We ended up driving down Alberta St., but ran into a road block set up for the Alberta Street Fair. It looked like things were winding down; and we weren’t in the mood. However, in the process of turning around, we decided to stop and try the Grill Cheese Grill – a food cart shoved into a converted Streamliner trailer and all hopped up on some sort of cheesy steroids.

The Grilled Cheese Grill - PDX

It’s a happy place. Lots of families with little kids stopping for dinner and that sort of thing. There’s a re-purposed school bus that has tables inside; and picnic tables underneath colorful canvas umbrellas outside. We ordered and chose a spotless picnic table, listening to Queen’s “Bicycle” (how long since you’ve heard THAT song?) and watching people while we waited. A few minutes later, I picked up the order, we said grace and started to eat.

Wow. WOW! Yuuuuummmm. It was hard to stop and take a picture (note the large bites taken out of both sandwiches).

Pesto, Mozarella & Tomato on Parmesan Bread... grilled!

Pesto, mozzarella, fresh tomatoes on Parmesan bread. And when I say Parmesan bread, I mean some sort of Parmesan-crusted bread with a wicked good crunch. With tart, summer-perfect tomatoes paired with a beautifully robust pesto and the melted cheese it was sublime.

Babs Grilled Cheese - Swiss, Apple, Blue Cheese and Ham.  Deeply satisfying.

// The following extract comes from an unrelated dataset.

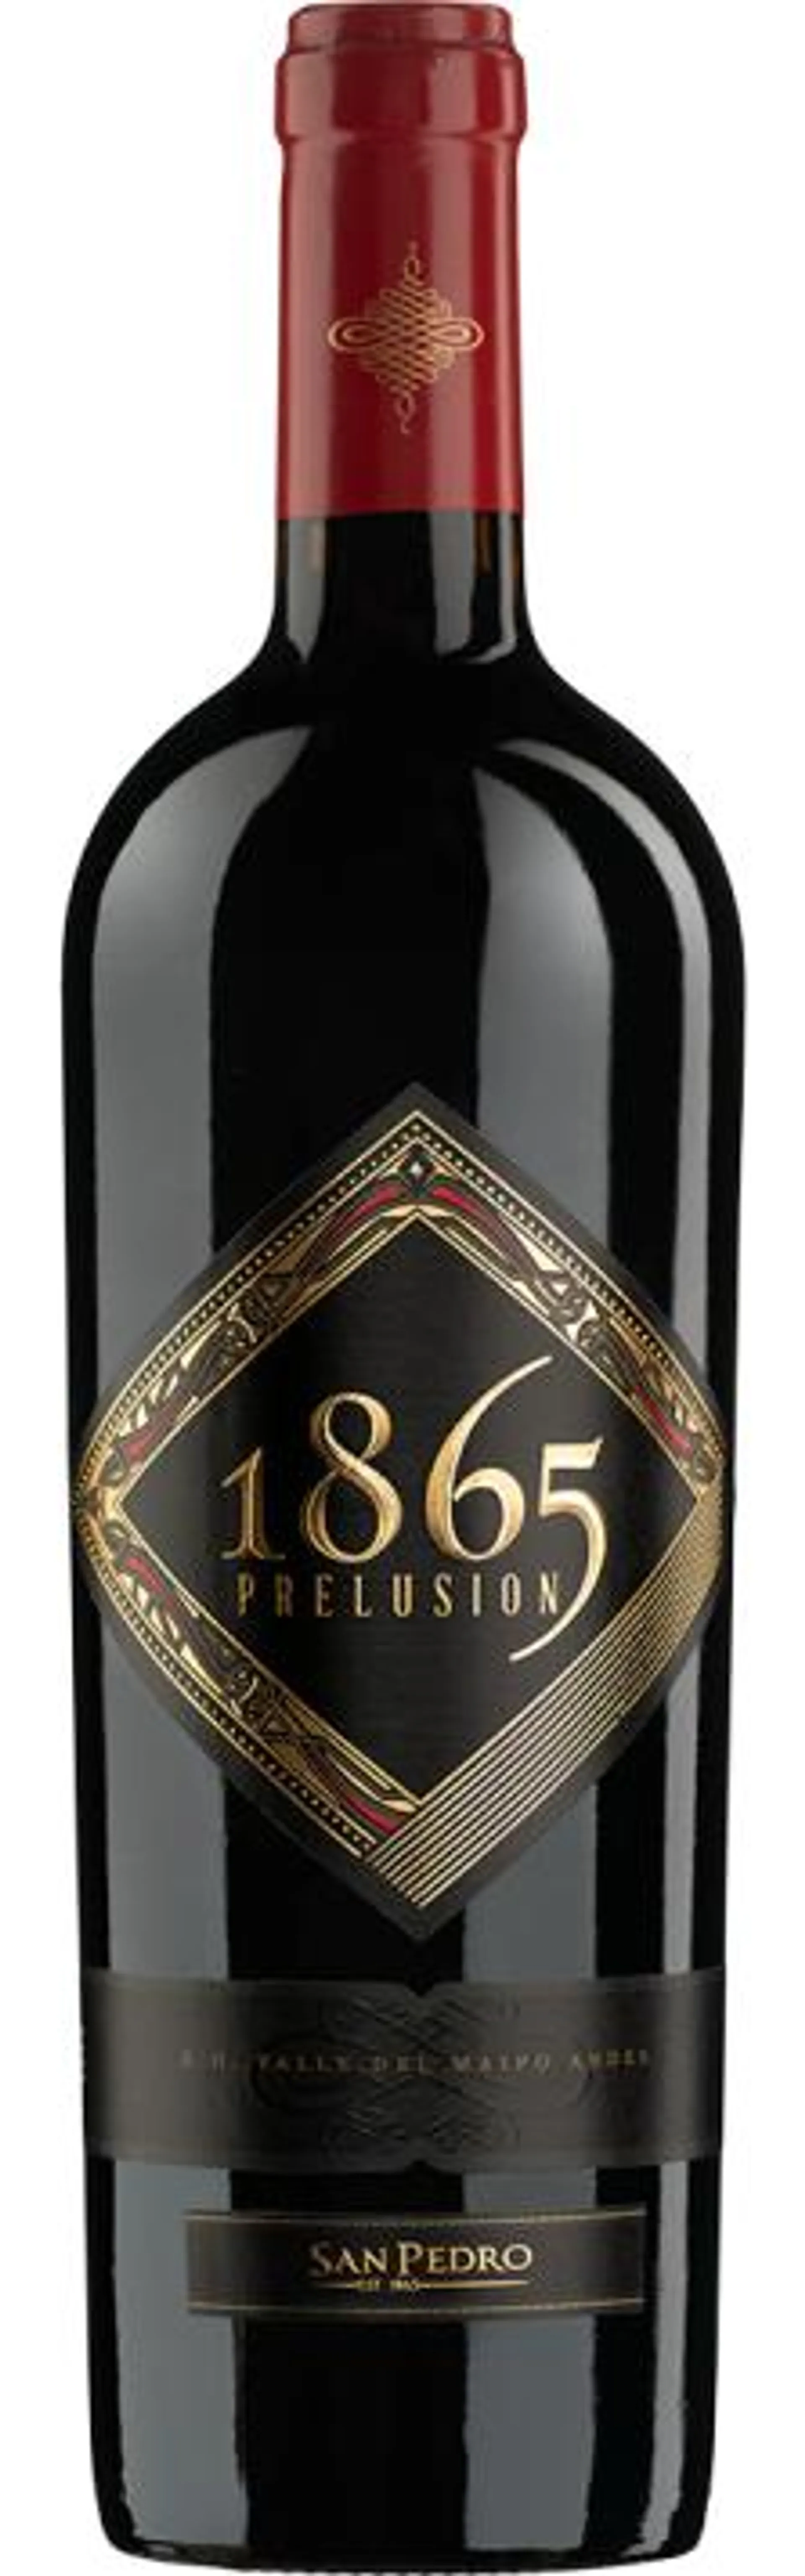 2019 Prelusion 1865
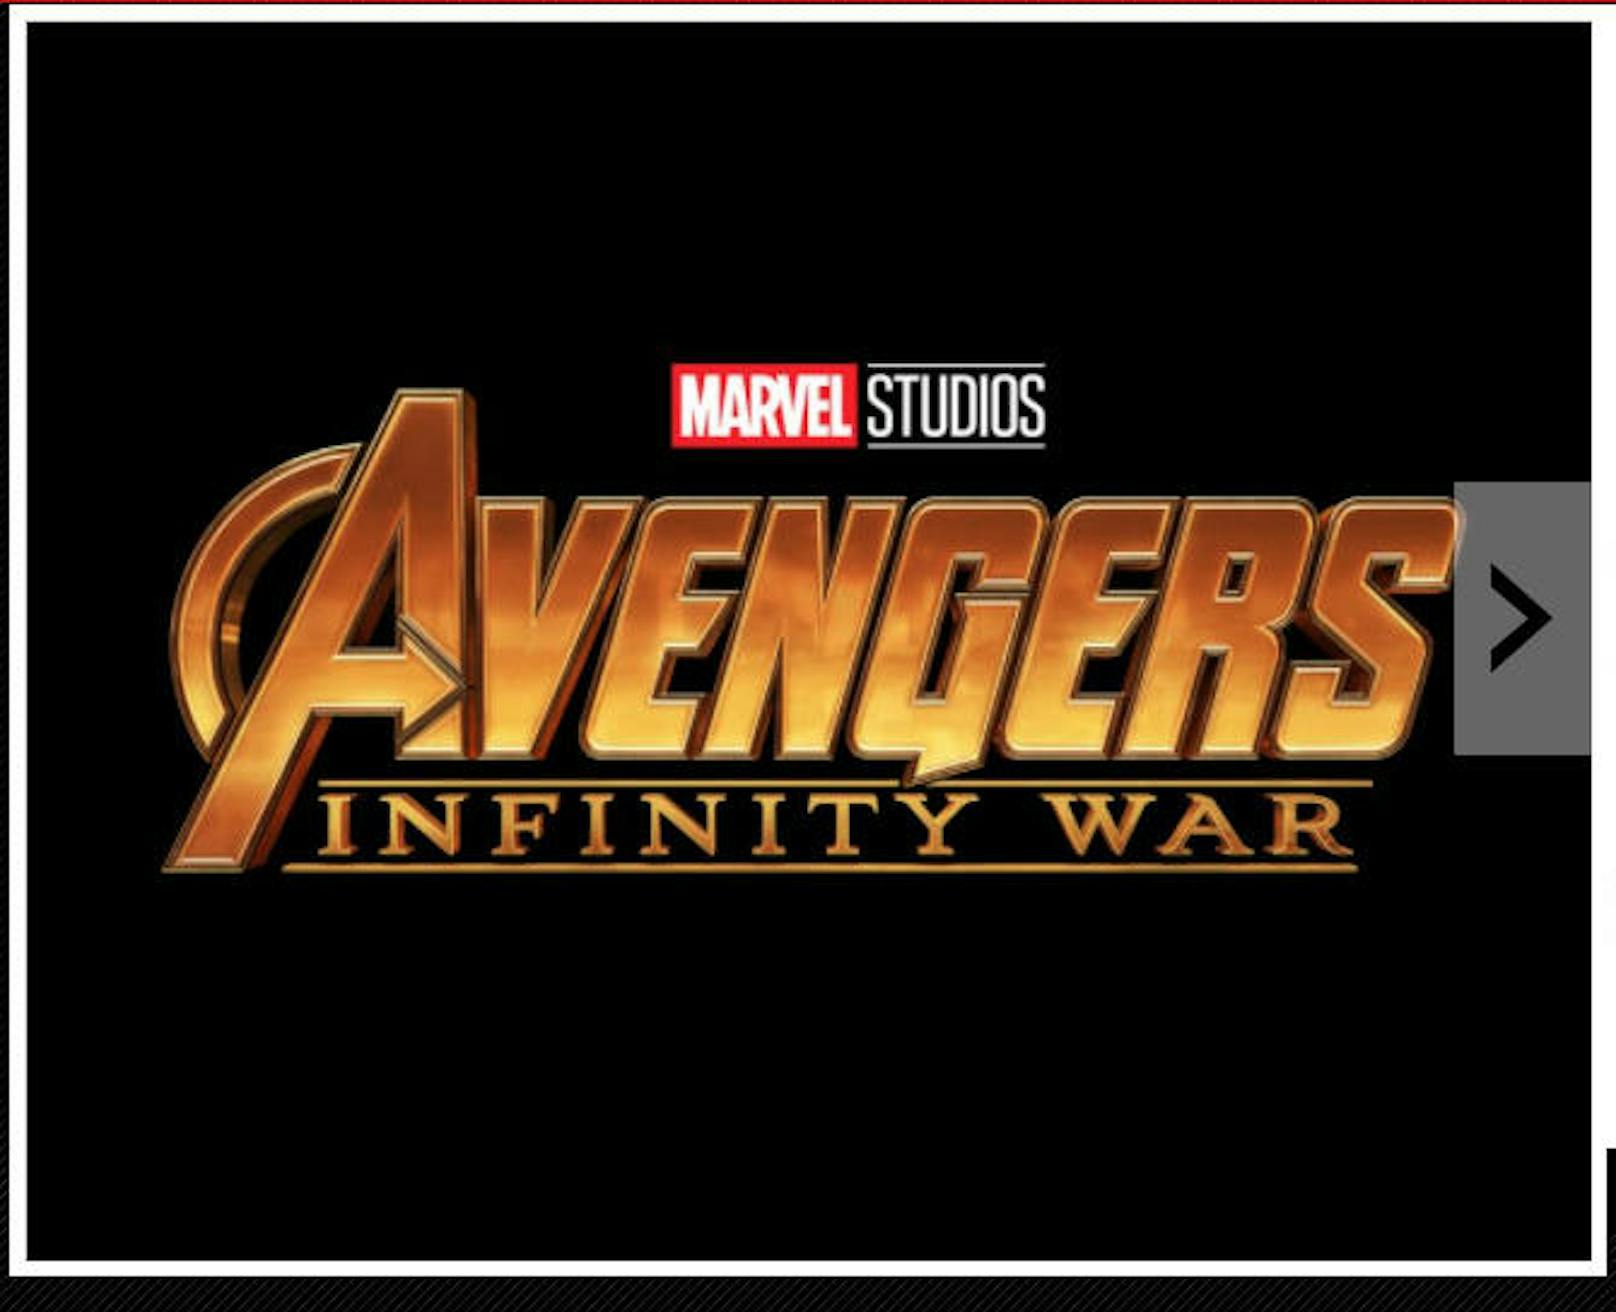 Marvels Ankündigung für "Infinity War"

Mr. Stoic chose the BABS Melt; a savory mixture of Swiss and blue cheeses, apples and bacon. Seeing this described on the menu did not move me. I was entirely prepared for it to be strange and not at all good. But, like many things in life, when I bit into the sandwich, I realized that good people everywhere love tasty food. I should trust people more. It was worth it tonight. Though I ate seasonally (which I’m focused more on these days), I still think that Mr. Stoic won the battle tonight.

Food, Fire and Fun

September 7 - 9:04 pm (original post)

Ah, the quintessential Labor Day barbecue. What an amazing time to have friends over and just hang out. We were privileged to join some friends for such an event this evening. They recently completed construction of a circular fire pit in their back yard. It’s a beautiful, circular cobblestone patio ringed by bench-high walls – perfect for a cool evening and a bottle of wine.

That’s not what we had tonight, though. There were people everywhere and almost as many kids as adults. S’mores were on the menu, you see. The cat was let out of the bag just enough to entice RSVPs in a state so casual that most folks don’t know what that means. It worked.

Late this morning, I was thinking about our hosts’ son, who has shown some interest in cooking and baking recently. He’s a brilliant, gifted kid with amazing parents. At any rate, I was thinking, if I were Aiden, what fun thing would I want to make for this crowd. Answer? Homemade marshmallows!

They were an absolute hit. Though they were really easy to make, they provided a sophisticated little twist on the whole s’more thing. And you can’t go wrong with s’mores. I probably should have put a little whisky or rum in the marshmallows to make them a fun adult treat, but there will be plenty of time for that later. For now, I’m satisfied knowing just who at church loves marshmallows.